False Media Wake Suppression

media-wakes

False Media Wake Suppression refers to mechanisms that prevent Alexa-enabled devices from waking up to media sources of speech containing "Alexa". These media induced wakes can come from a variety of sources such as radio, TV, online videos, and others. There several mechanisms in place to prevent these - some cloud-based, and some locally on the device. Such "false wakes" can result in unintended audio streaming to the cloud, and ultimately poor customer experience and privacy breaches.

Cloud Media Wake Suppression

The default line of defense towards preventing these media induced wakes, which all utterances from all Alexa devices are subject to, is performed in the cloud. The wake word portion of all streams sent to Alexa services is compared against a large database of known media occurrences of the word "Alexa" - if a media-based wake is detected, the cloud immediately sends a StopCapture Directive to the device to shutdown the stream an ignore any subsequent audio.

While this is effective in that large databases of known media can be stored, and more complex detection algorithms can be run in the cloud, the cloud based methods suffer from the fact that the device itself does in fact wake - the blue ring (or other audio/visual indicator) is activated on the device, a small portion of audio is sent to the cloud, and there a slight delay until the stream is terminated. In order to more quickly and securely detect and prevent these media wakes, the Wake Word engine has features that can provide similar detection performance on the device itself.
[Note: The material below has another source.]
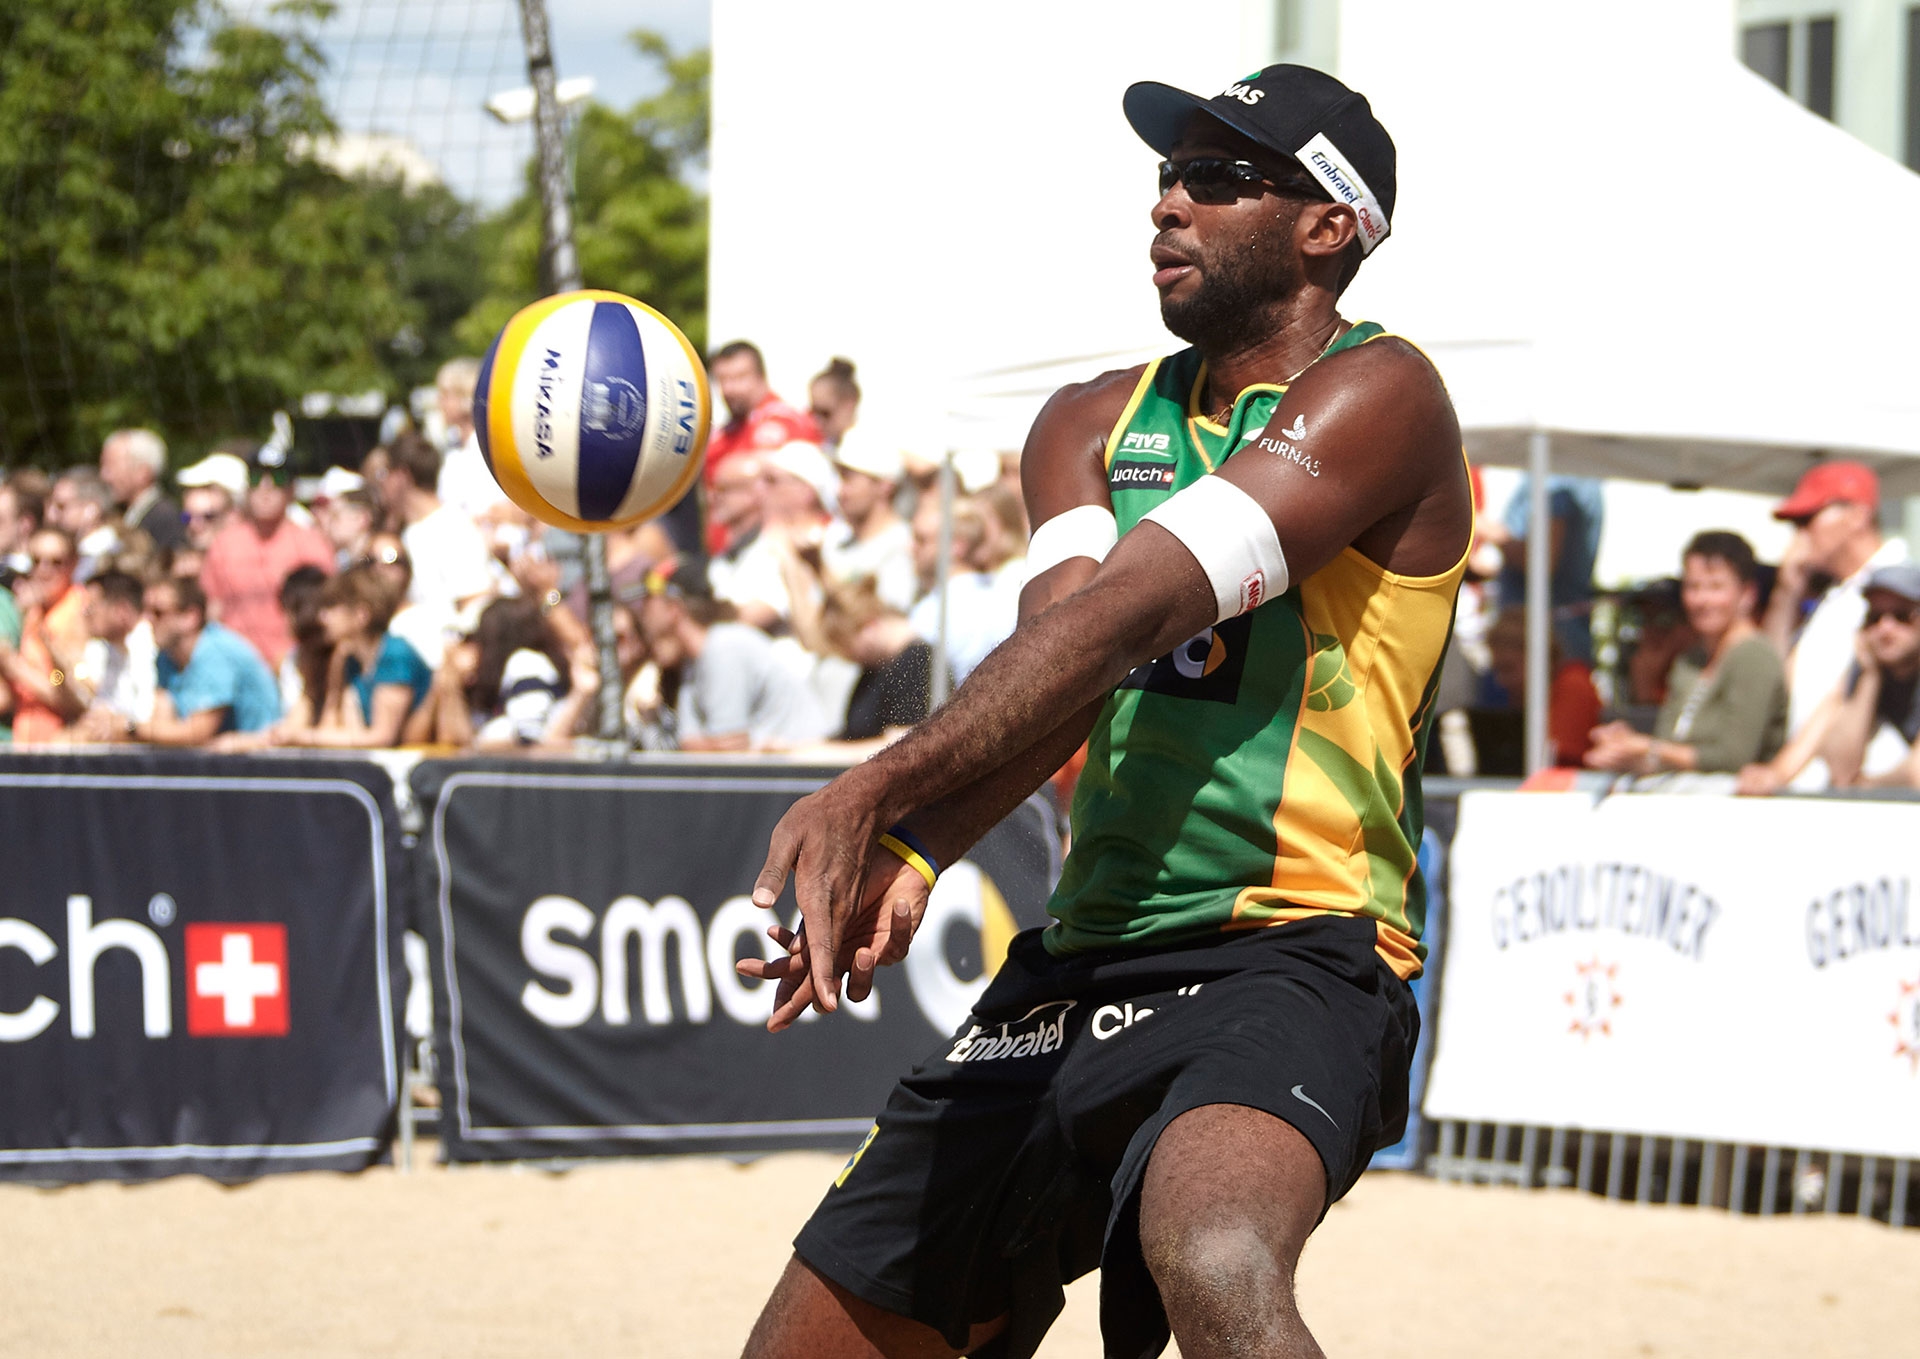 Big-serving Evandro Gonçalves was in brilliant form again. Photocredit: Mike Ranz
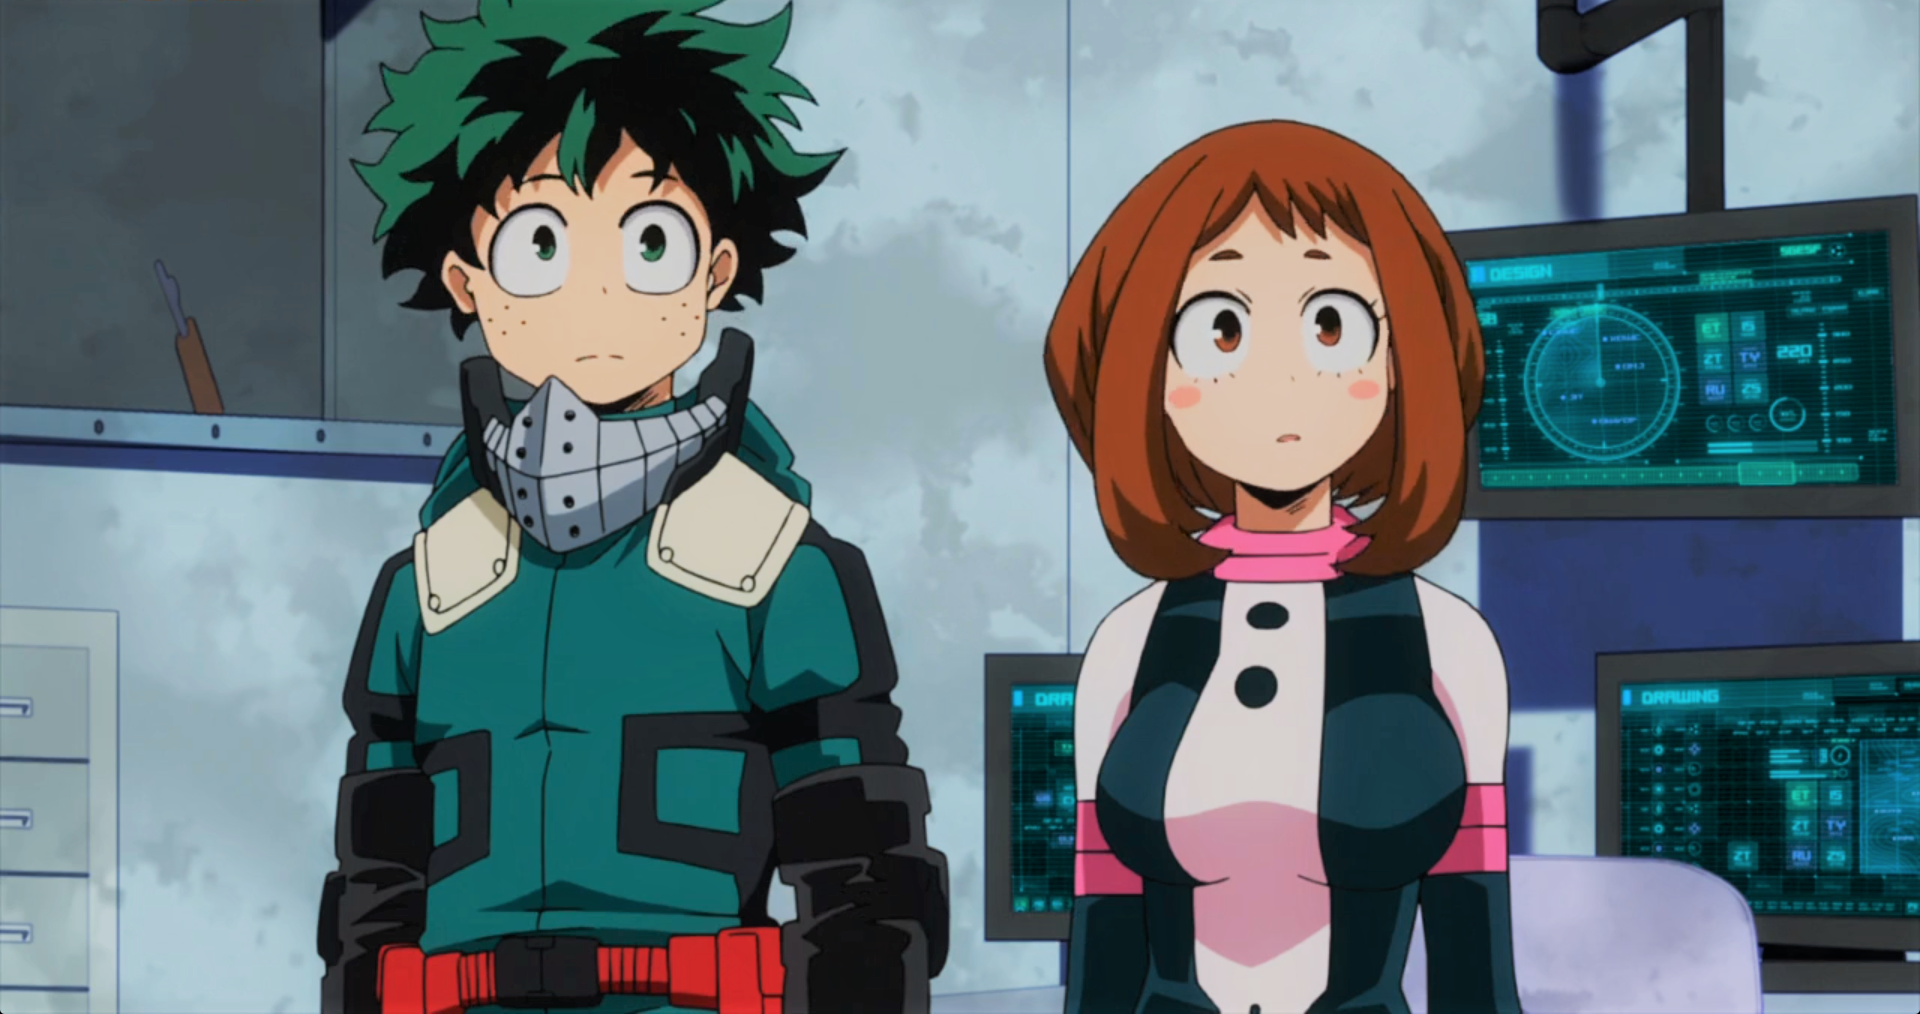 View, Download, Rate, and Comment on this Deku And Uraraka Image. image,ima...

Device Media Wake Suppression

There are two methods of suppressing media induced wakes on the device. Both of these methods can detect and suppress the media wake in real-time as the wake word is processed, preventing any audio from streaming to the cloud and also preventing any audio/visual indication of audio streaming to the cloud. For these reasons, these device-side media wake rejection mechanisms provides the best customer experience.

Fingerprinting

Fingerprinting uses a local database of acoustic "fingerprints" to compare against the captured wake word in real-time on the device. For more information see the Fingerprinting section in this guide.

Watermarking

Watermarking is similar to photo watermarking - it embeds an inaudible "key" into the media's audio that can also be detected in real-time and further prevent these media induced wakes. For more information see the Watermarking section in this guide.